Interesting. Ya know. One could get the hint of an impression that maybe for those who are politically aware that the belief in the legitimacy of the political/judicial system, and the belief that the Constitution has power in the real world is fading.
There is the rub. Either the CTs will throw out this heavy handed and novel charge or they will choose to further undermine their legitimacy and the general public’s faith in a mostly fair and mostly impartial system. Ultimately if the majority of people decide that the systems can’t be salvaged because they are too corrupted by partisan actors then a change will be made in some form. History is replete with examples of this and however unique the USA experience is we aren’t immune to the currents of social, cultural and political forces that have swept away corrupt governments the world over.
“If once [the people] become inattentive to the public affairs, you and I, and Congress and Assemblies, Judges and Governors, shall all become wolves. It seems to be the law of our general nature, in spite of individual exceptions.”
–Thomas Jefferson to Edward Carrington, 1787.
“I do verily believe that… a single, consolidated government would become the most corrupt government on the earth.”
–Thomas Jefferson to Gideon Granger, 1800.
Thomas Jefferson was a complex and sometimes flawed individual, but man, he wrote some profound and prescient things that never fail to blow my mind.
How many of them have lost jobs, homes or businesses? How many have ended marriages? How many have had their health deteriorate during their confinement? How much of a chilling effect has this had on other people wishing to protest this regime?
And Joke Biden’s junta doesn’t seem inclined to let any of them go any time soon.
Exactly. The process is the punishment.
Quite often, political prisoners are held without bail for extended periods only to have the charges dropped after they have been punished by the process.

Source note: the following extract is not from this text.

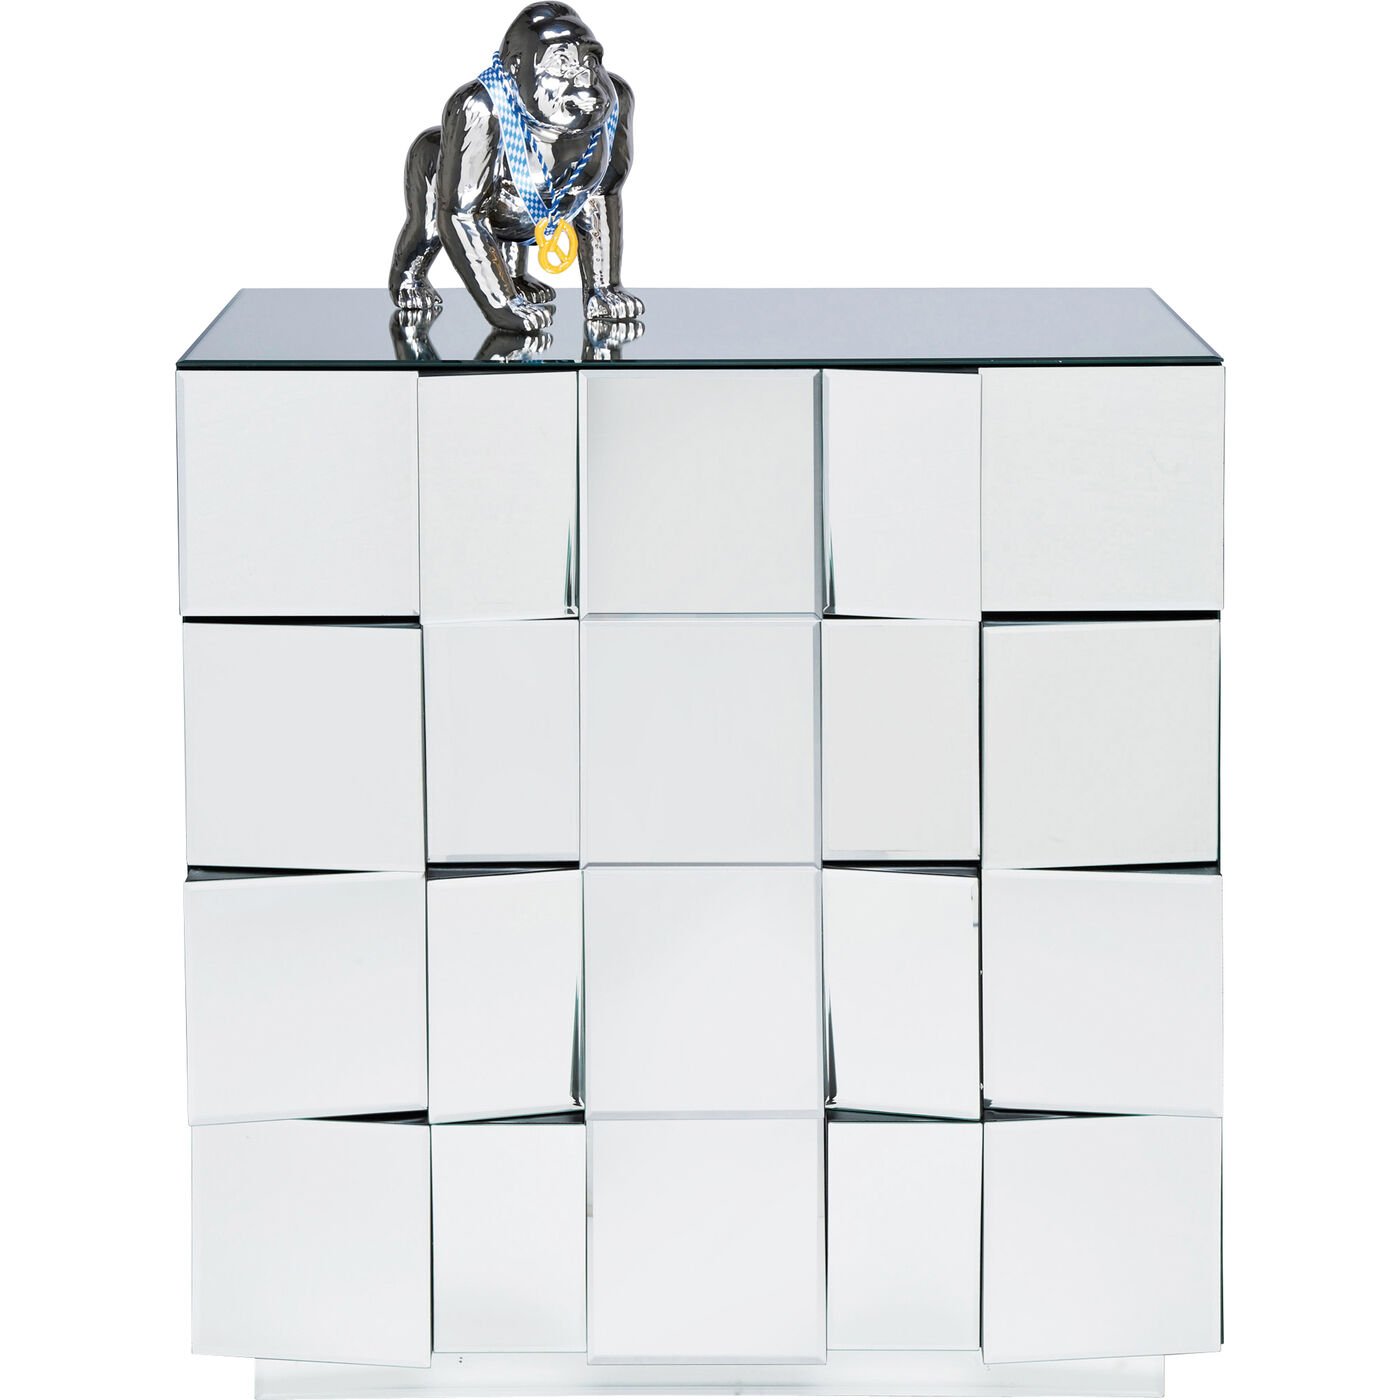 Verspiegelte Kommode Illusion Big Cube Spiegel Würfel elegantes Designobjekt Spiegelmöbel Designmöbel exklusiv Laden Geschäft Luxusmöbel

Of course, that only happens in banana republics.
You mean, we’re a banana republic now?
Now that you mention it ………… 🙁
They lost the case when they called it an insurrection.

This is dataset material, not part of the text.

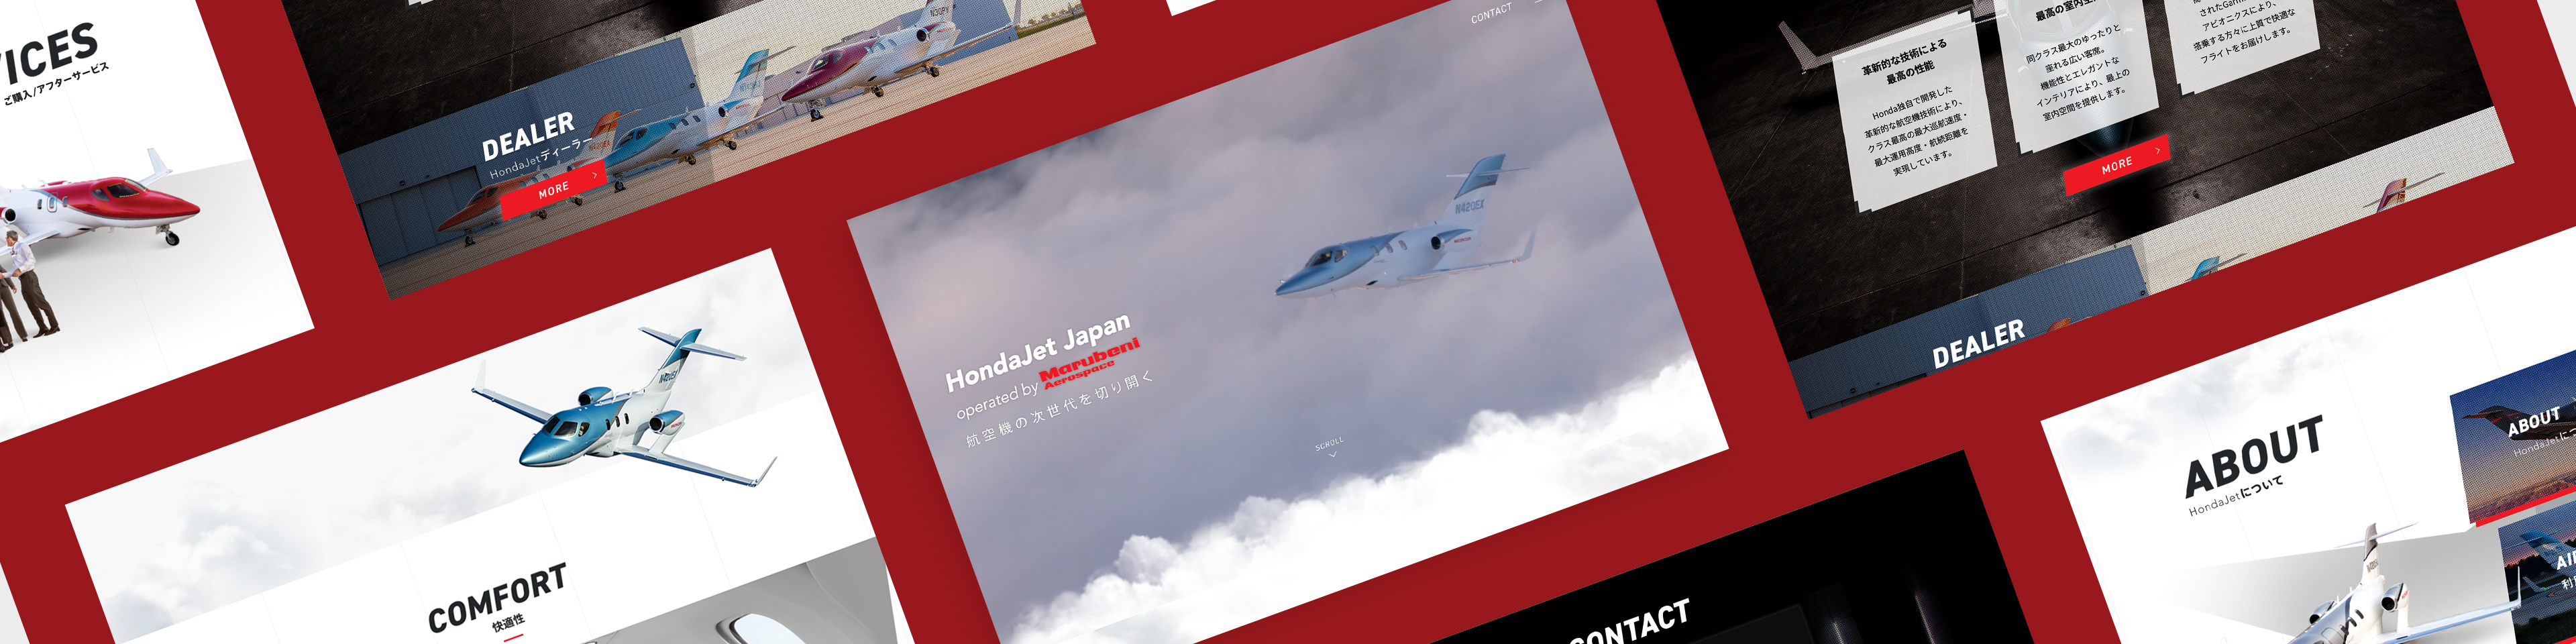 丸紅エアロスペース株式会社
Honda Jet Japan
ブランドサイト

They who? The defendants, or the tyrants?
Hate your political opponents, they hate you. Pay attention, the democrats will corrupt any office or agency in an attempt to marginalize you. I just wish the Republicans would get better at being as scumbaggy as the democrats; I’d have absolutely no problem with it.
The Republicans would rather die than oppose the Democrats. To understand the situation we are in, you have to acknowledge that we functionally have no political means of opposing the Left electorally.
We do have the means to oppose the Left electorally – for example, I believe we will make substantial gains in the House in 2022 and probably the Senate. However, no matter how many we elect, collectively the Republicans have no spine.
I thought it odd that the elites are talking about a sweeping tax reform (on us) package to bring forth in the spring. Previously, it would be suicide politically to make such unpopular actions so close to a midterm election. So why are they talking like that?
I think it is because they know that even if we got veto-proof majorities, the collective GOP won’t do anything to repeal and rescind all this nonsense. So they are going for full-throated Marxism and daring the Republicans to do something about it in 2023. They won’t.
No spine yep, I remember the no spine they had when they refused everything Obama brought before them from war in Syria to Trans Pacific, to judges yep no spine.
For no spine see Donald Trump who gave them judges by delivering the senate to them on a silver platter, tell yourself “Admitting the Republican Party opposes democrats is hard because it means I have to live in a reality where Donald Trump lost 2020 so I will just surrender because surrender is easy” and slap yourself in the face for trying to surrender.